MPs are commonly delinquent when it comes to acessing their worth. Who says, apart from them all too often, that they deserve hundreds of thousands of pounds of tax payers money each for being elected to represent their constituency and turn up at votes. For Tory Mps to top that poll is awfull

It's not just MPs who think in this way.

I'm quite sure that, if asked, most people would say they are paid too little and hardly anyone would say they are paid too much.

I completely disagree. It is a disgrace that MPs are paid less, sometimes only half, of what council civil servants earn when their work is far more important. They should be paid commensurate to the job they do, which would reduce the need for outside interests and secondary income providing jobs.

As it is politically difficult for any MP to argue this, an independent body (truly independent) should be appointed to review the pay and allowances of MPs and bring it belatedly into line of that of other public servants paid from the public purse.

The only people capable of standing will soon be the rich if the 40k expense just to risk standing is any indication.

Perhaps an MP who did not rely on their MPs salary for funds, such as Zac Goldsmith, could best make the case on behalf of their colleagues who do rely on it and who are ludicrously underpaid compared to council chief execs.

Remember that MPs don't just receive their basic pay. They also receive generous allowances. Many employ family as secretaries or staffers. They receive subsidies to buy London homes and get to keep the capital gains from those homes. They also get the most protected of pensions.

Oberon says that MPs should have plenty of time to supplement their incomes with outside work. That's what I thought in 1999 when I became an MEP. A couple of non-exec directorships would fit the bill. In fact, I find that I'm working a six-and-a-half day week. No complaints. I enjoy it. But I certainly have no time for a second job on the side!

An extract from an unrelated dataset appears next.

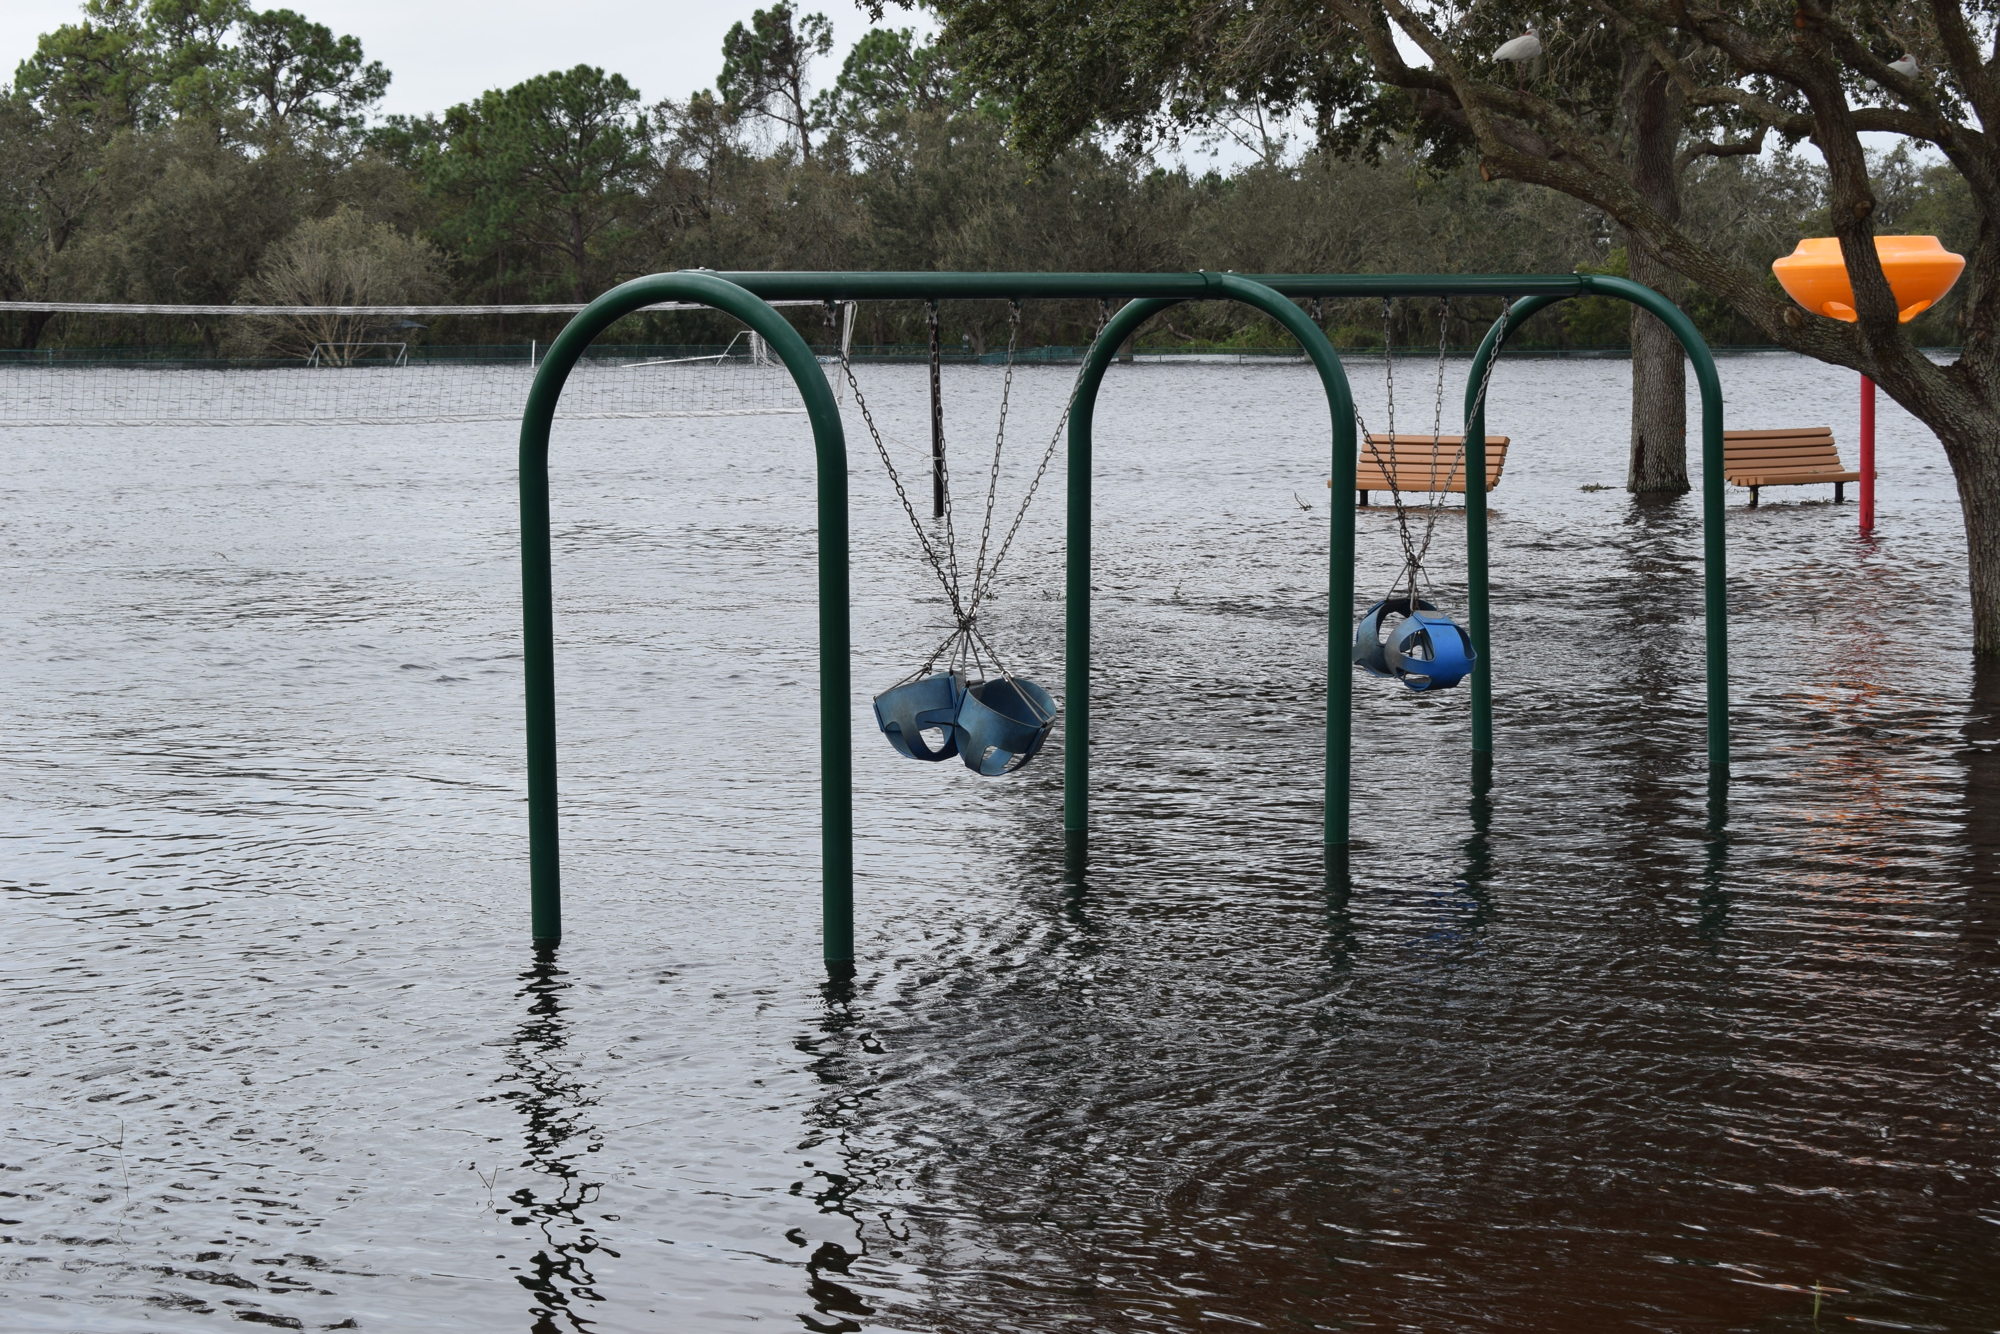 The baby swings at the Greenbrook Adventure Park in Lakewood Ranch offer an additional challenge after Hurricane Ian went through the area. (Photo by Jay Heater)

Like all "employees", if they are unhappy with their "terms and conditions" they can leave and go and work elsewhere.

Maybe the problem is not that MPs are not paid enough, but that others, particularly in the "state" sector are paid too much!

I see being a member as an honour, but not too 'taxing' I don't think that's true. Any decent MP, particularly one in a marginal seat, works bloody hard. One junior shadow minister I know does a standard 12 hour day - and works their constituency hard during the recess. Apart from perhaps some bankers an MP , working as they should is one of the hardest working professions.

This is particularly the case given that nowadays it is so much harder for MPs to pursue a second career - gone are the days when many MPs were also practising barristers or worked in the city.

If we want quality people as MPs we need to pay them commensurately.

It should all be about supply and demand. I don't see many MPs resigning for other jobs.

Headteacher, pay 100k
GP, pay 115k
Council civil servant chief exec - 115k +
Mp - 60k


That is the wrong comparison Tory T.

What is the ratio of applications to vacancies though in those professions you list?

We are the party of supply and demand - aren't we?

I agree with brolley man in his debate with Tory T but I am not surprised that Tory MPs are more wanting of more pay than Labour MPs. Tory MPs give up jobs as barristers, merchant bankers and business leaders. Labour MPs leave behind jobs as teachers, local government workers and voluntary sector officers.

The increase in pay of MPs above inflation should be directly proportional to (any)increases in duties and responsibilities.With less and less legislation introduced by,or scrutinised by Westminster the case is surely made for less pay and /or less members.

More money could go to MPs with serious Committee responsibilities and to frontbenchers.

I'm not suggesting MPs should be paid the same as factory labourers, because they are not factory labourers, but heaven help anyone who can't live on 60k plus generous expenses.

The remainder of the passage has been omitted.